Class RgbdHandGestureLearner

Bases: opendr.engine.learners.Learner

The RgbdHandGestureLearner class provides an implementation of the common baseline method in hand gesture recognition using RGBD input, which concantenates the RGB and the depth image into a single image with 4 channels.
Hand gesture recognition is conducted via learning a convolution neural network (CNN) classifier that operates on the input RGBD data.
Common CNN architectures are implemented with an option to load their pretrained weights on the ImageNet dataset.
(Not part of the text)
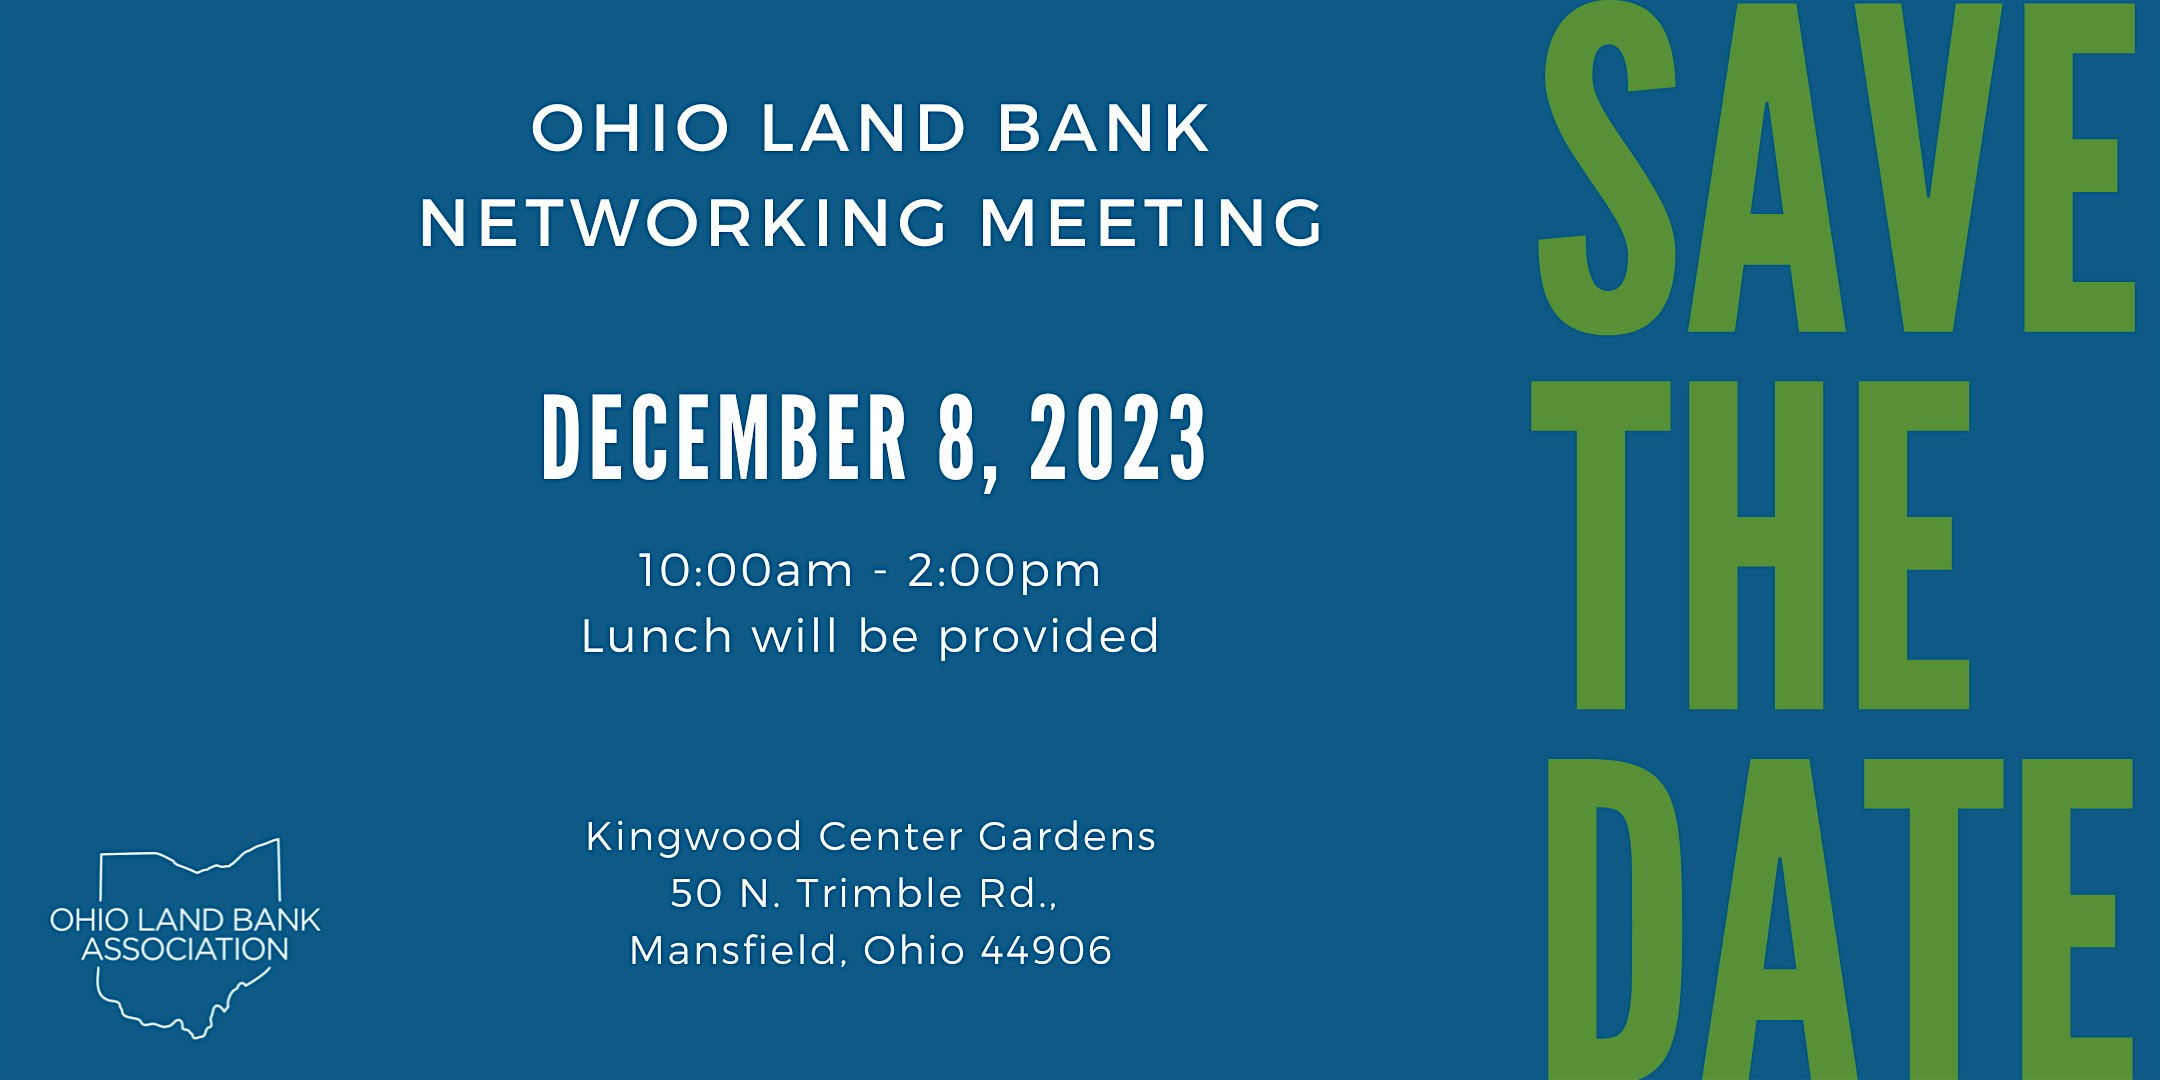 Ohio Land Bank Association Networking Meeting
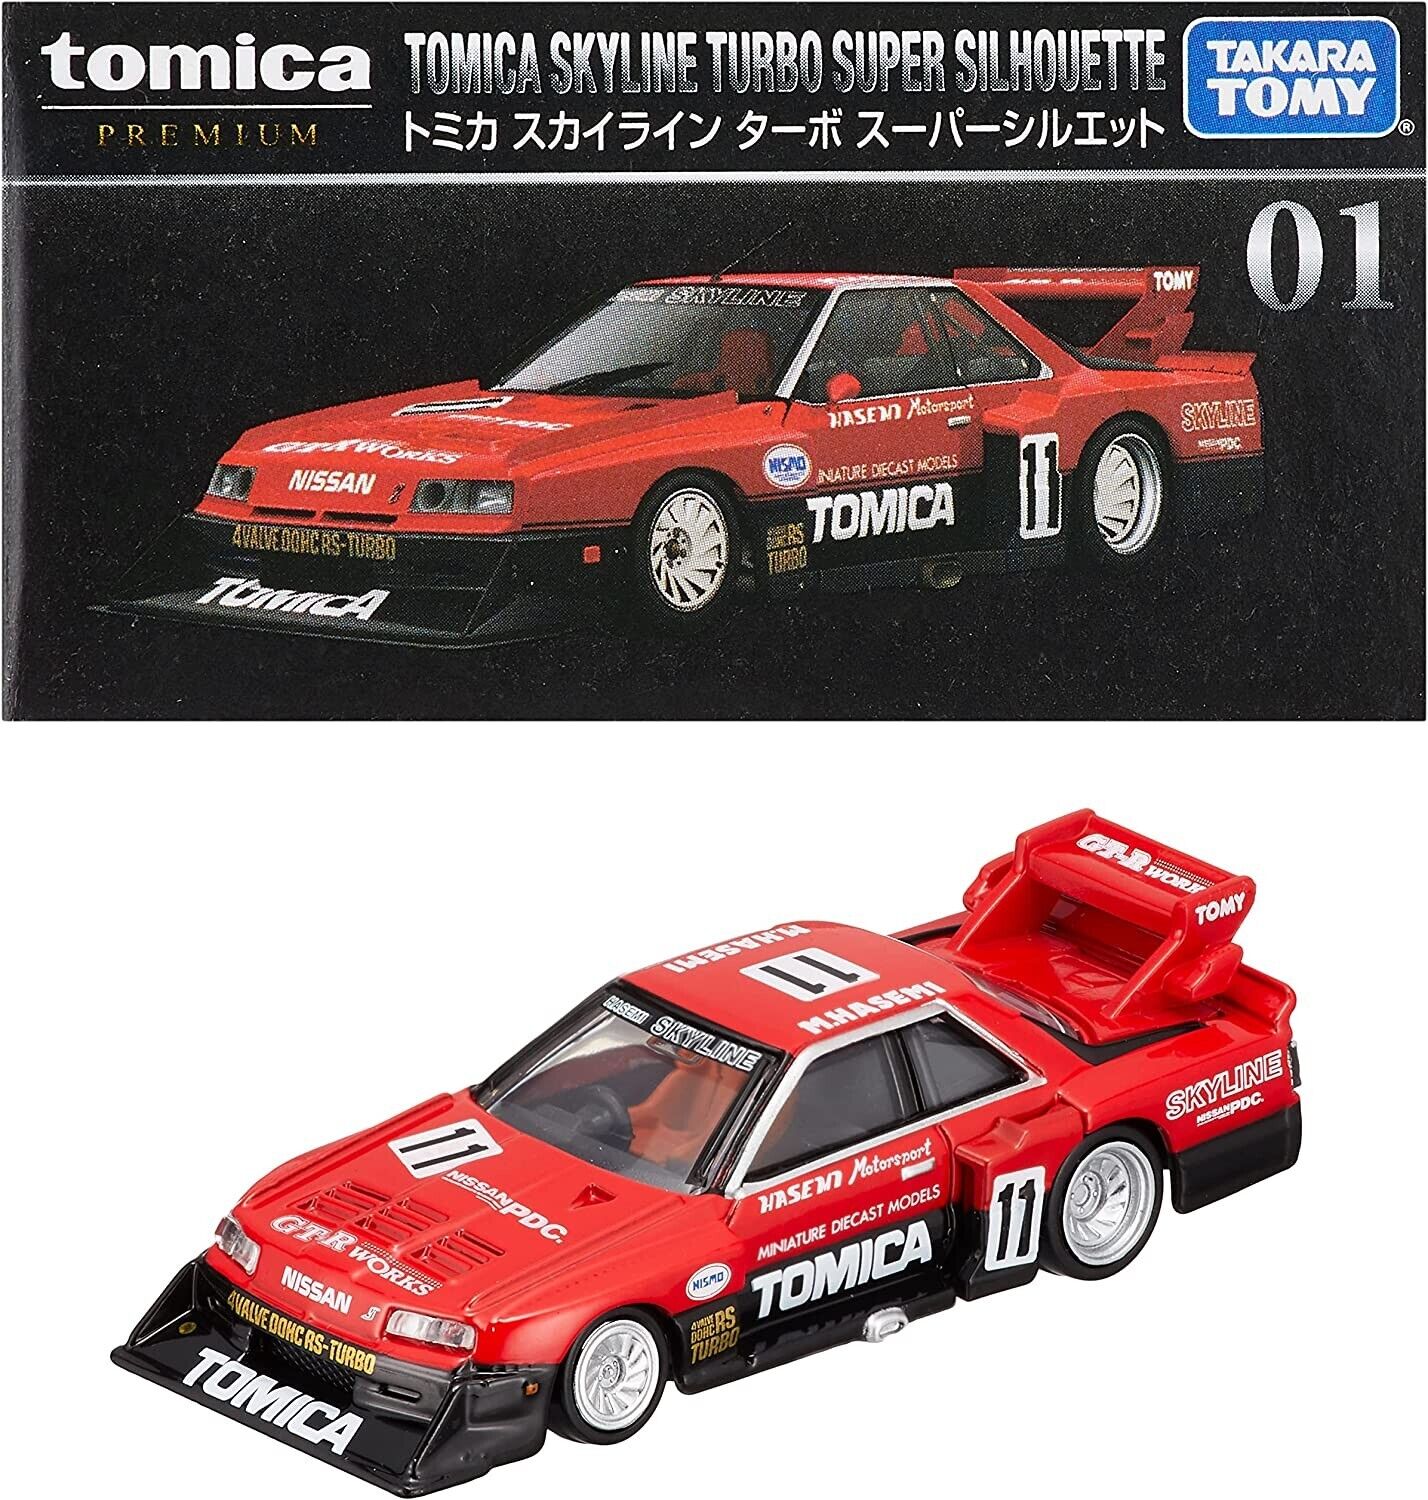 Tomica Premium No.01 Tomica Skyline Turbo Super Silhouette

The RgbdHandGestureLearner class has the following public methods:

RgbdHandGestureLearner constructor

RgbdHandGestureLearner(self, n_class, architecture, pretrained, lr_scheduler, optimizer, weight_decay, iters, batch_size, n_workers, checkpoint_after_iter, checkpoint_load_iter, temp_path, device, test_mode)

Parameters:

  • n_class: int
    Specifies the number of classes.

  • architecture: str/torch.nn.Module
    Specifies the architecture of the classifier.
    This can be a string that indicates a built-in architecture or an instance of torch.nn.Module that implements a custom architecture.
    The complete list of built-in classifiers can be retrieved by calling opendr.perception.multimodal_human_centric.rgbd_hand_gesture_learner.rgb_hand_gesture_learner.get_builtin_architectures(), which includes:

    • 'mobilenet_v2'
    • 'vgg11'
    • 'vgg11_bn'
    • 'vgg13'
    • 'vgg13_bn'
    • 'vgg16'
    • 'vgg16_bn'
    • 'vgg19'
    • 'vgg19_bn'
    • 'mnasnet0_5'
    • 'mnasnet0_75'
    • 'mnasnet1_0'
    • 'mnasnet1_3'
    • 'densenet121'
    • 'densenet161'
    • 'densenet169'
    • 'densenet201'
    • 'resnet18'
    • 'resnet34'
    • 'resnet50'
    • 'resnet101'
    • 'resnet152'
    • 'resnext50_32x4d'
    • 'resnext101_32x8d'
    • 'wide_resnet50_2'
    • 'wide_resnet101_2'
  • pretrained: bool, default=False
    Specifies whether to load the ImageNet pretrained weights.
    Not all architectures have pretrained weights available.
    The names of architectures that have pretrained weights can be retrieved by calling opendr.perception.multimodal_human_centric.rgbd_hand_gesture_learner.rgbd_hand_gesture_learner.get_pretrained_architectures().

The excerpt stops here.